**INFORMATION SUPPLIED:**
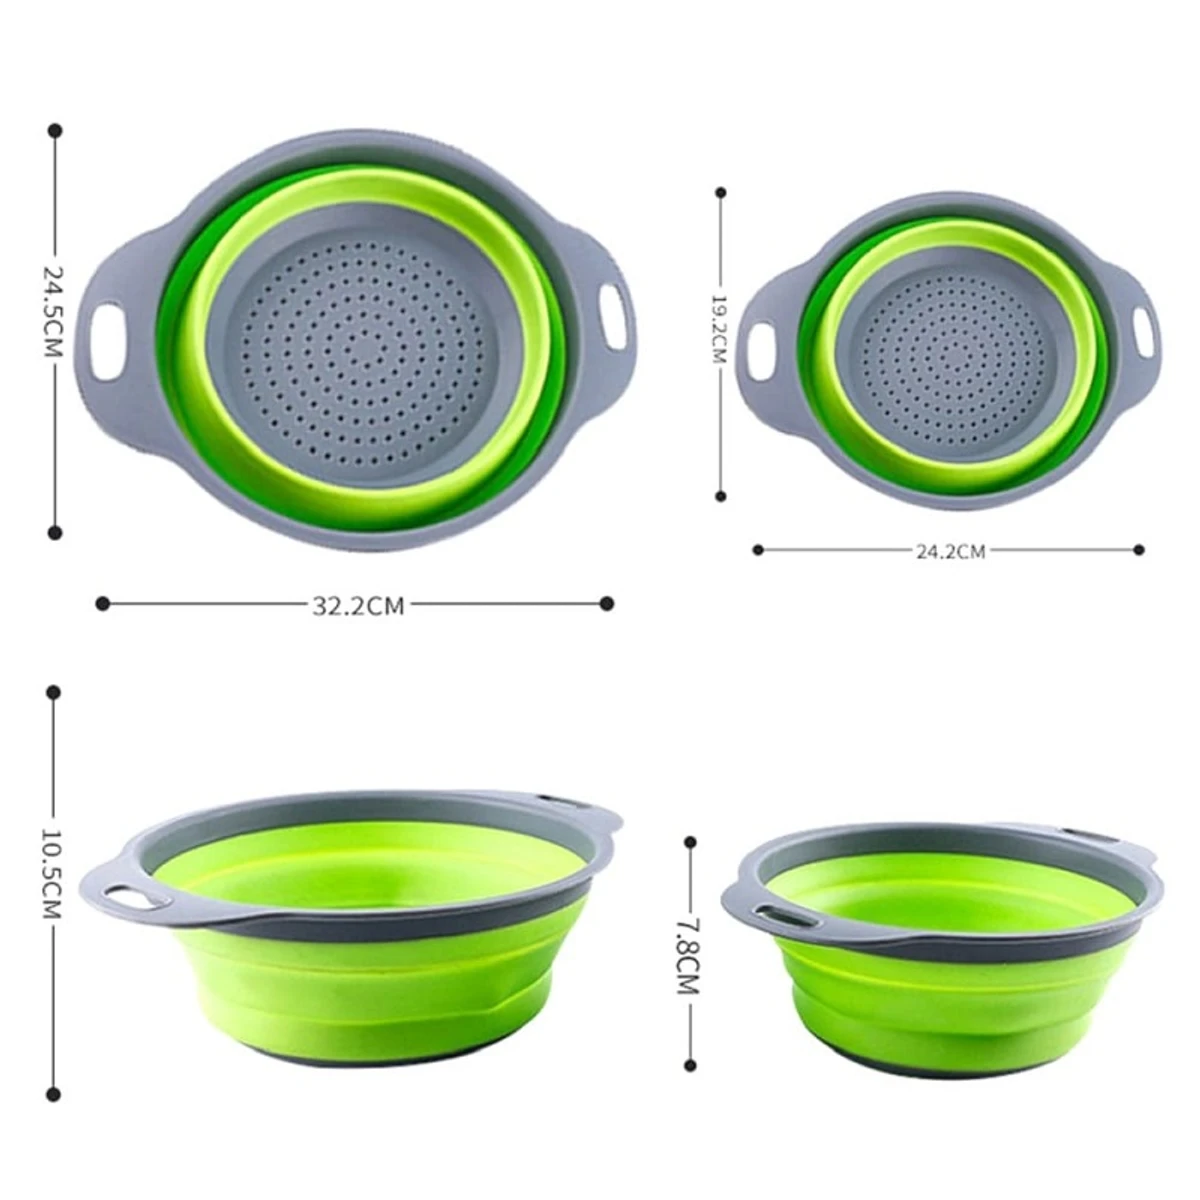 Qualityful Collapsible Filter Basket - Multicolor
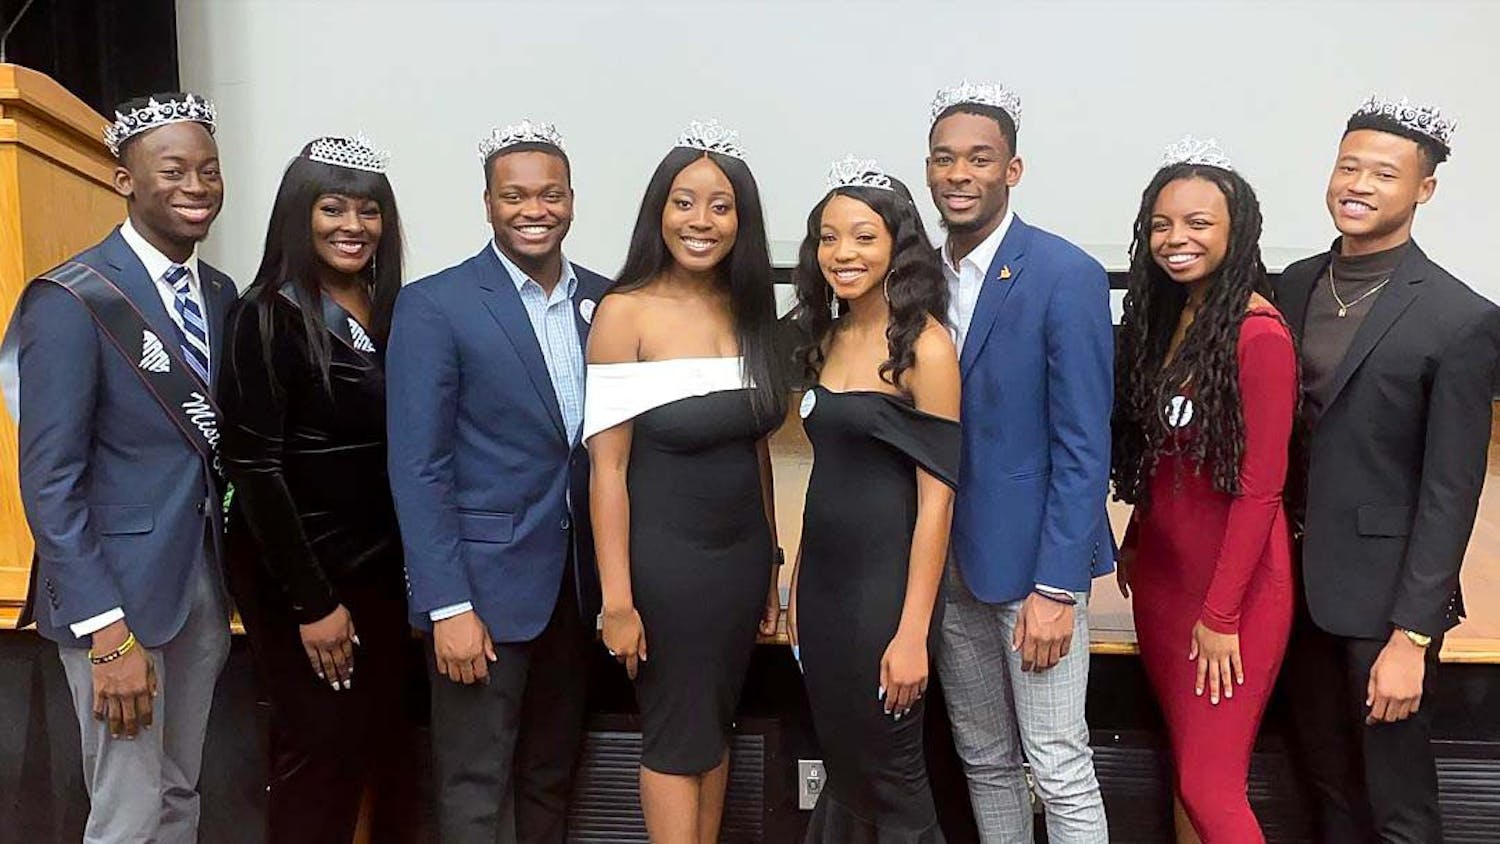 The 2019-2020 Mister and Miss Black USC winners showing off their crowns. This year's pageant will be the first one held on Oct. 26.
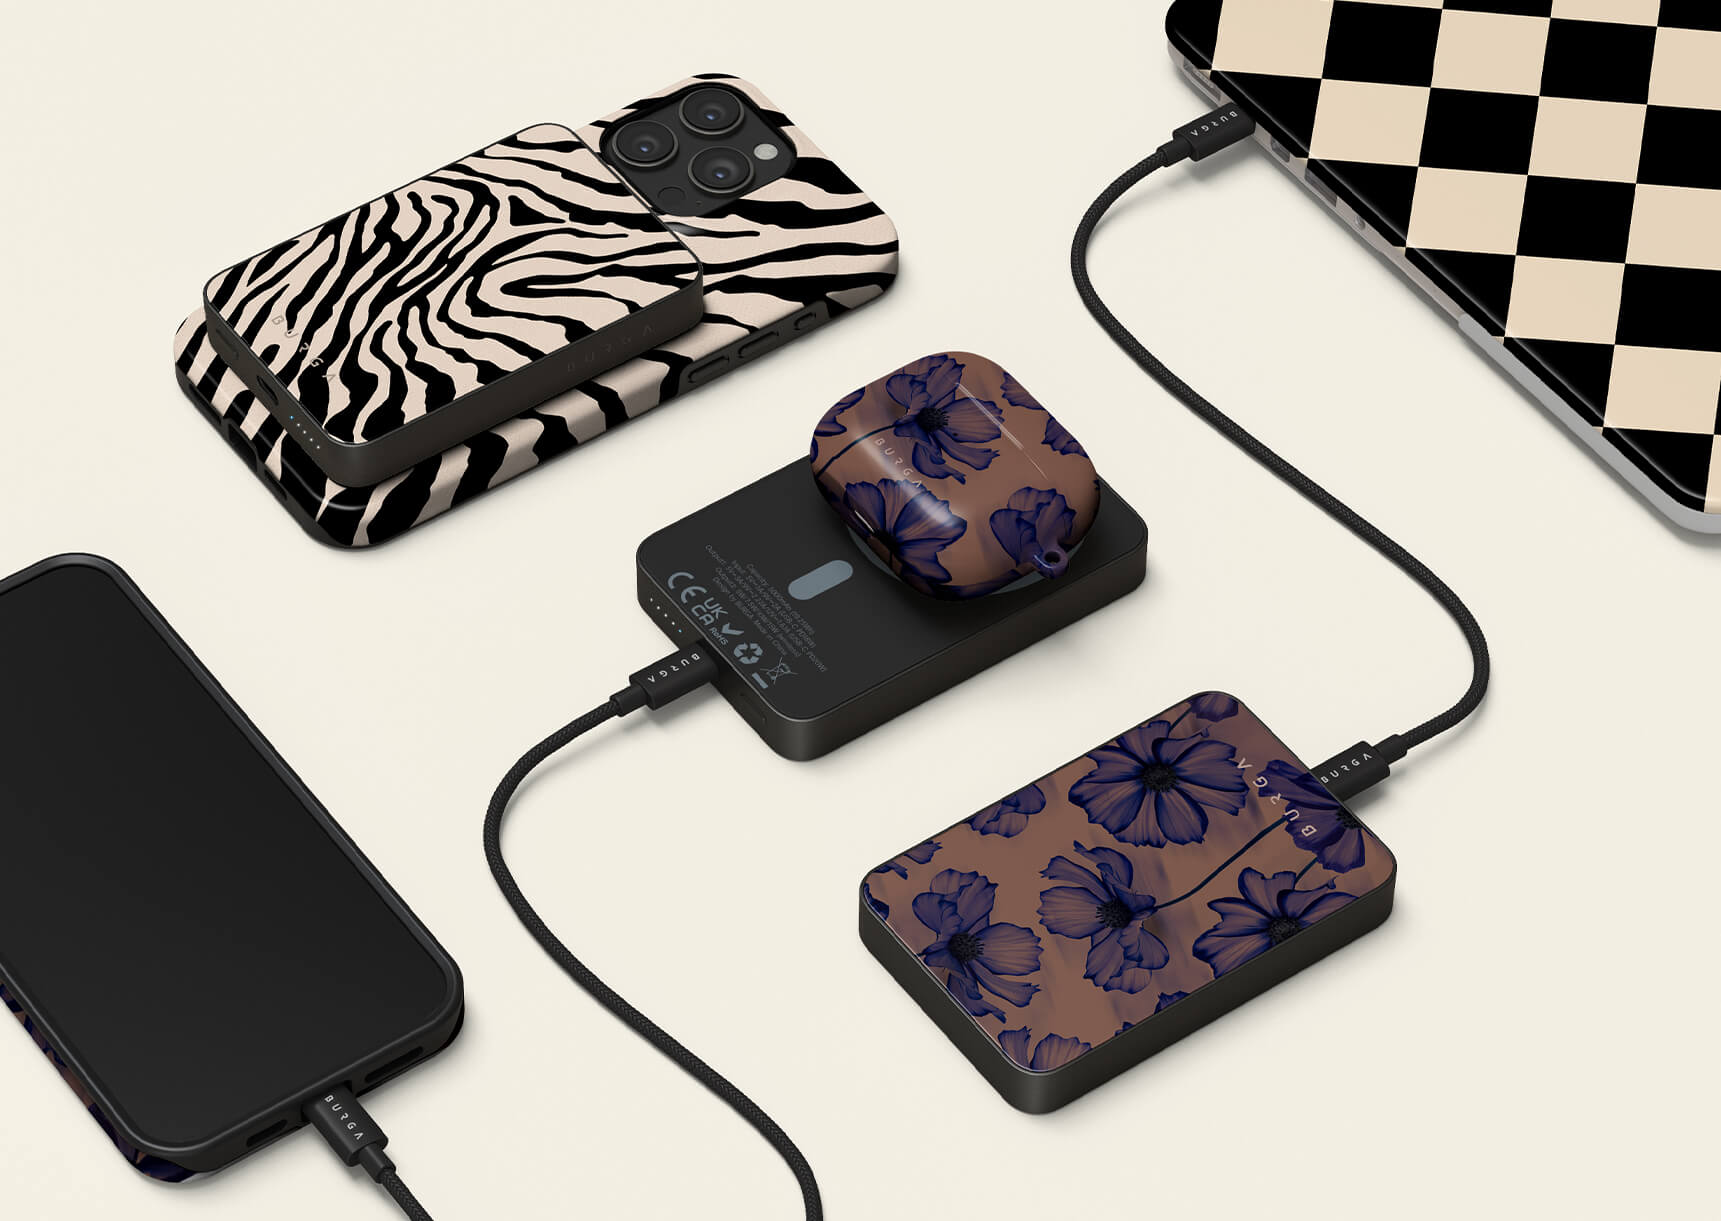 Assorted patterned tech accessories, including phone cases and chargers, connected and displayed on a light background.

**WHAT IS NEEDED:** Skip all pictures. Then give again, exactly, each line from the line holding "The 2019-2020 Mister" through the last line of the listing above, both ends included.

**ANSWER:**
 The 2019-2020 Mister and Miss Black USC winners showing off their crowns. This year's pageant will be the first one held on Oct. 26.
 Assorted patterned tech accessories, including phone cases and chargers, connected and displayed on a light background.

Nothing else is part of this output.